◆ Exercise directions
Within the entries below, find the portion that opens with the line containing "Ghiacciaio Katla caverna" and closes with the line containing "Azu 8 X 10 Handmade". Retype that portion exactly and only.

◆ Data excerpts

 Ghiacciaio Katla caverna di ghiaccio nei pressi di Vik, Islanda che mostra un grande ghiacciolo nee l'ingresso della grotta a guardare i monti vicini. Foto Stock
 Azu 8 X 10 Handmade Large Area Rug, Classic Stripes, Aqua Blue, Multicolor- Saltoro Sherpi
---
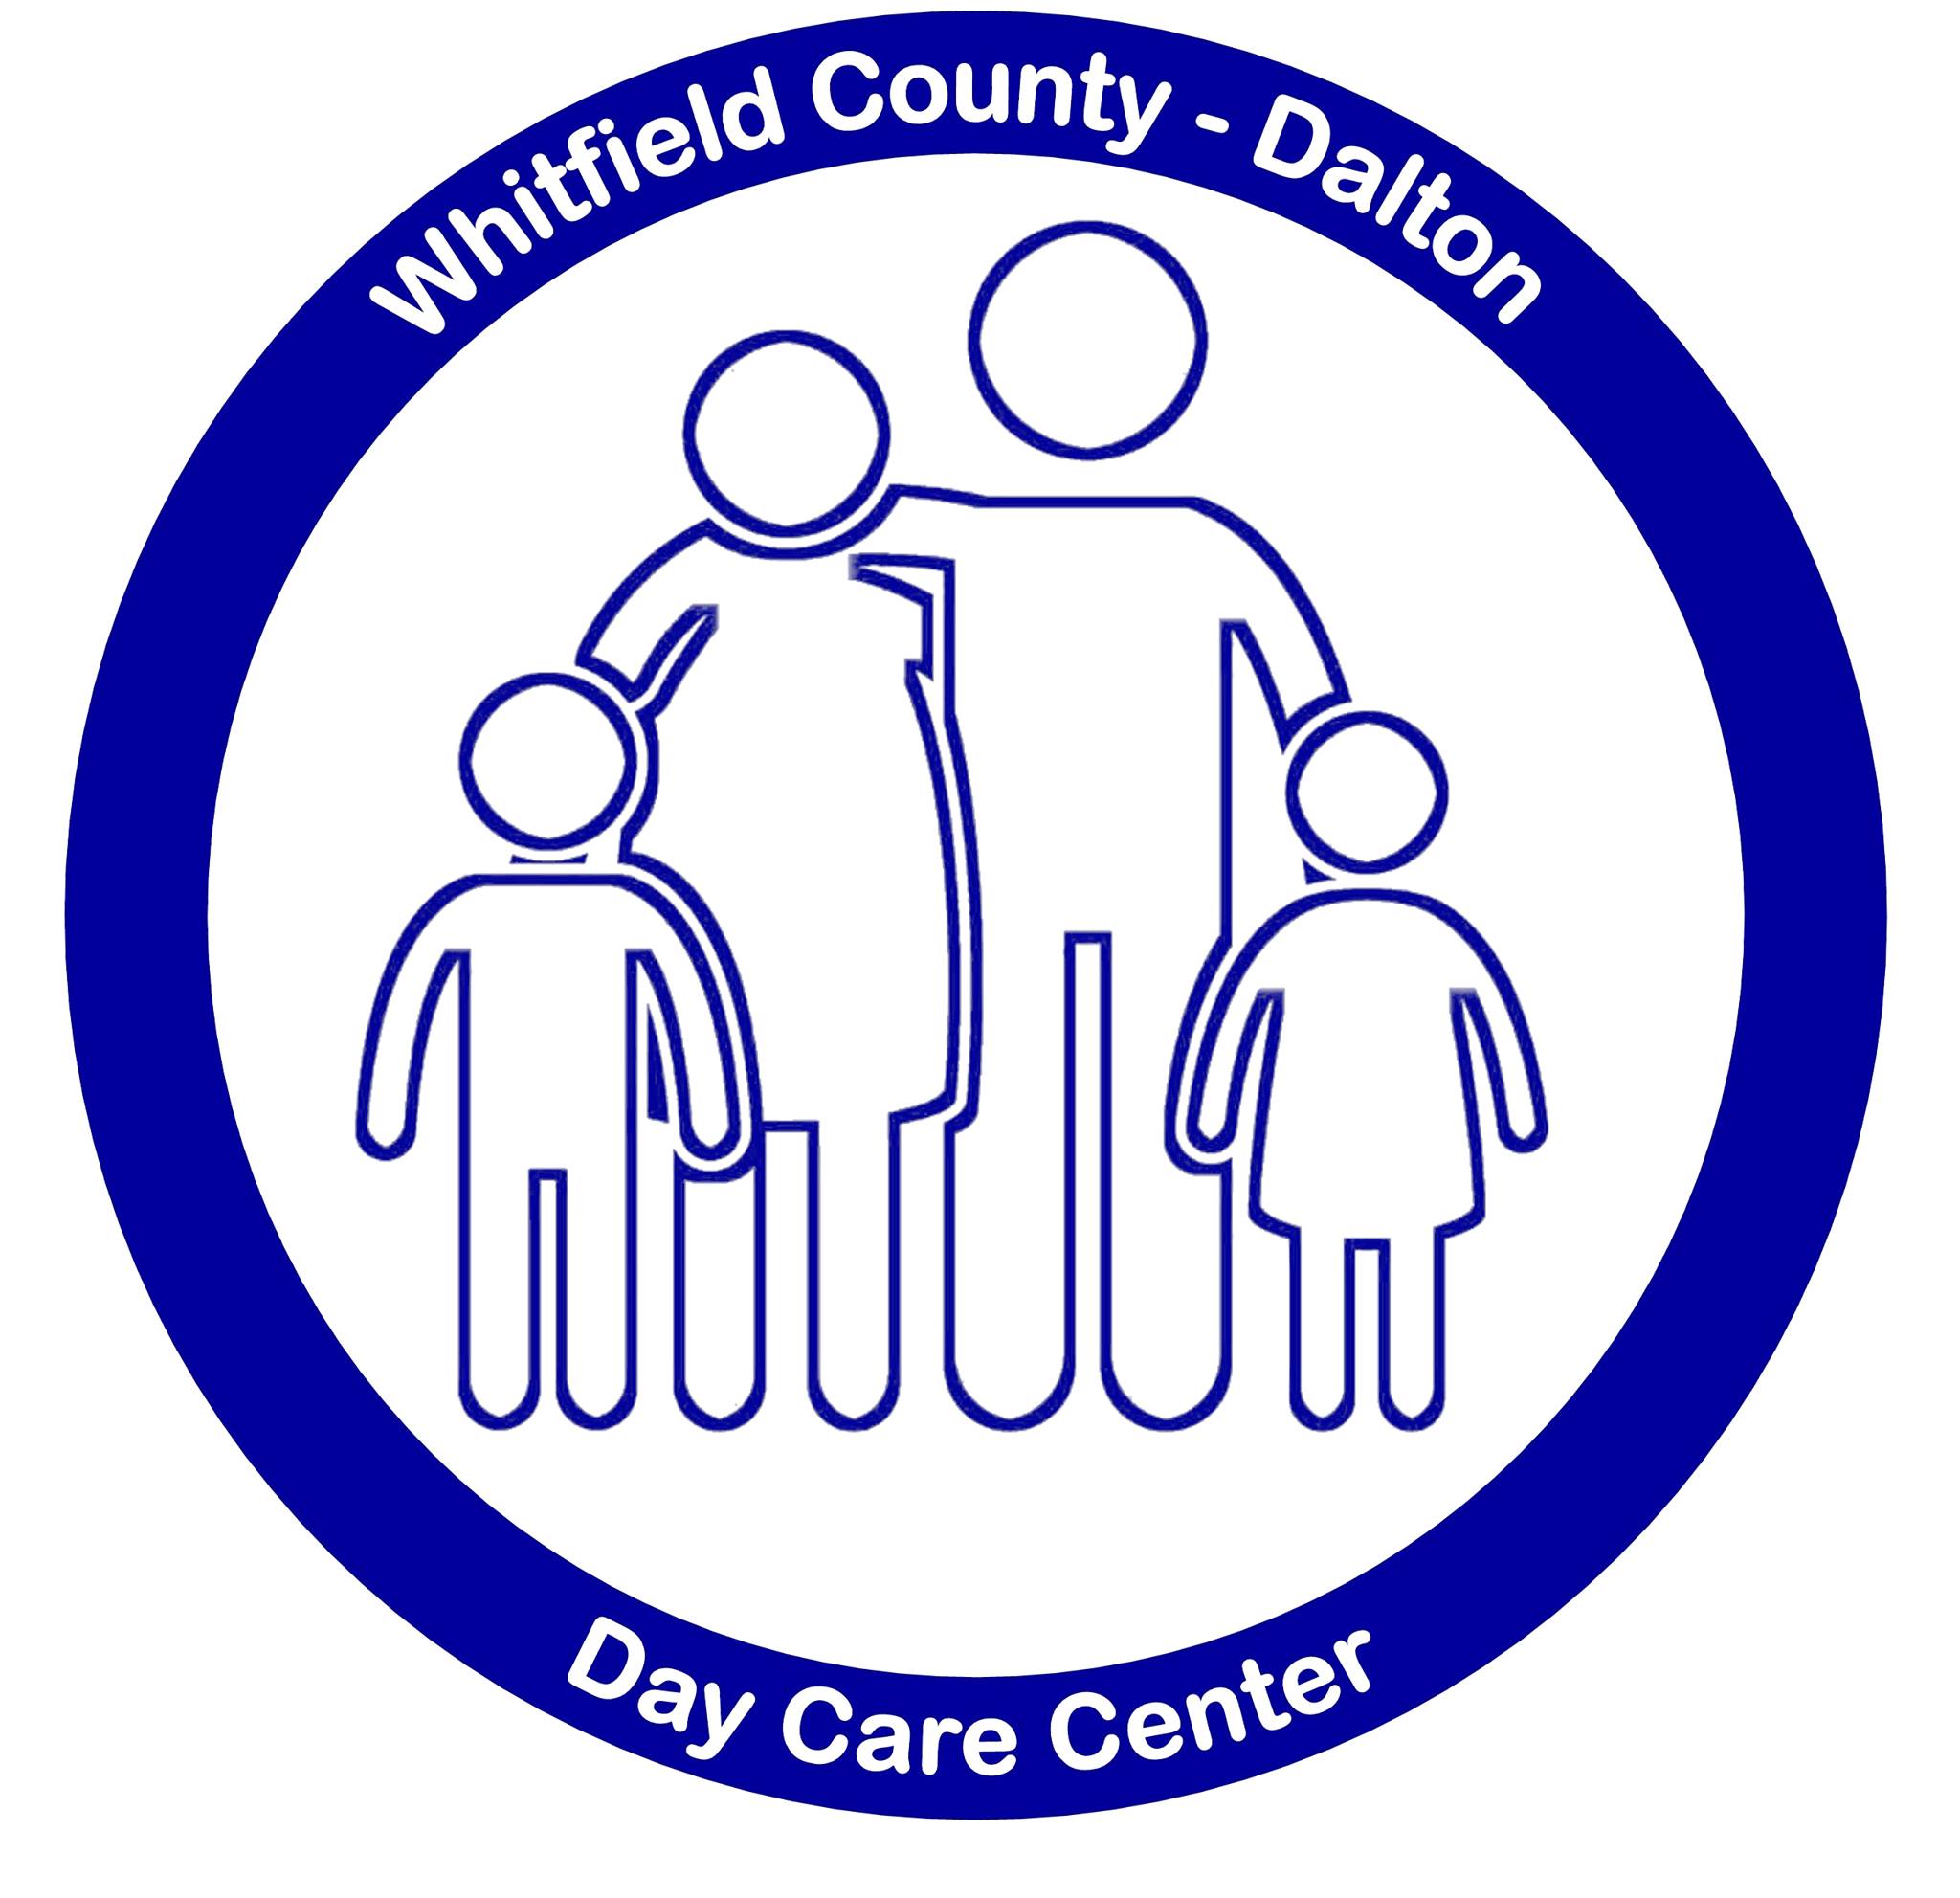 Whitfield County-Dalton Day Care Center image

◆ Exercise result
 Ghiacciaio Katla caverna di ghiaccio nei pressi di Vik, Islanda che mostra un grande ghiacciolo nee l'ingresso della grotta a guardare i monti vicini. Foto Stock
 Azu 8 X 10 Handmade Large Area Rug, Classic Stripes, Aqua Blue, Multicolor- Saltoro Sherpi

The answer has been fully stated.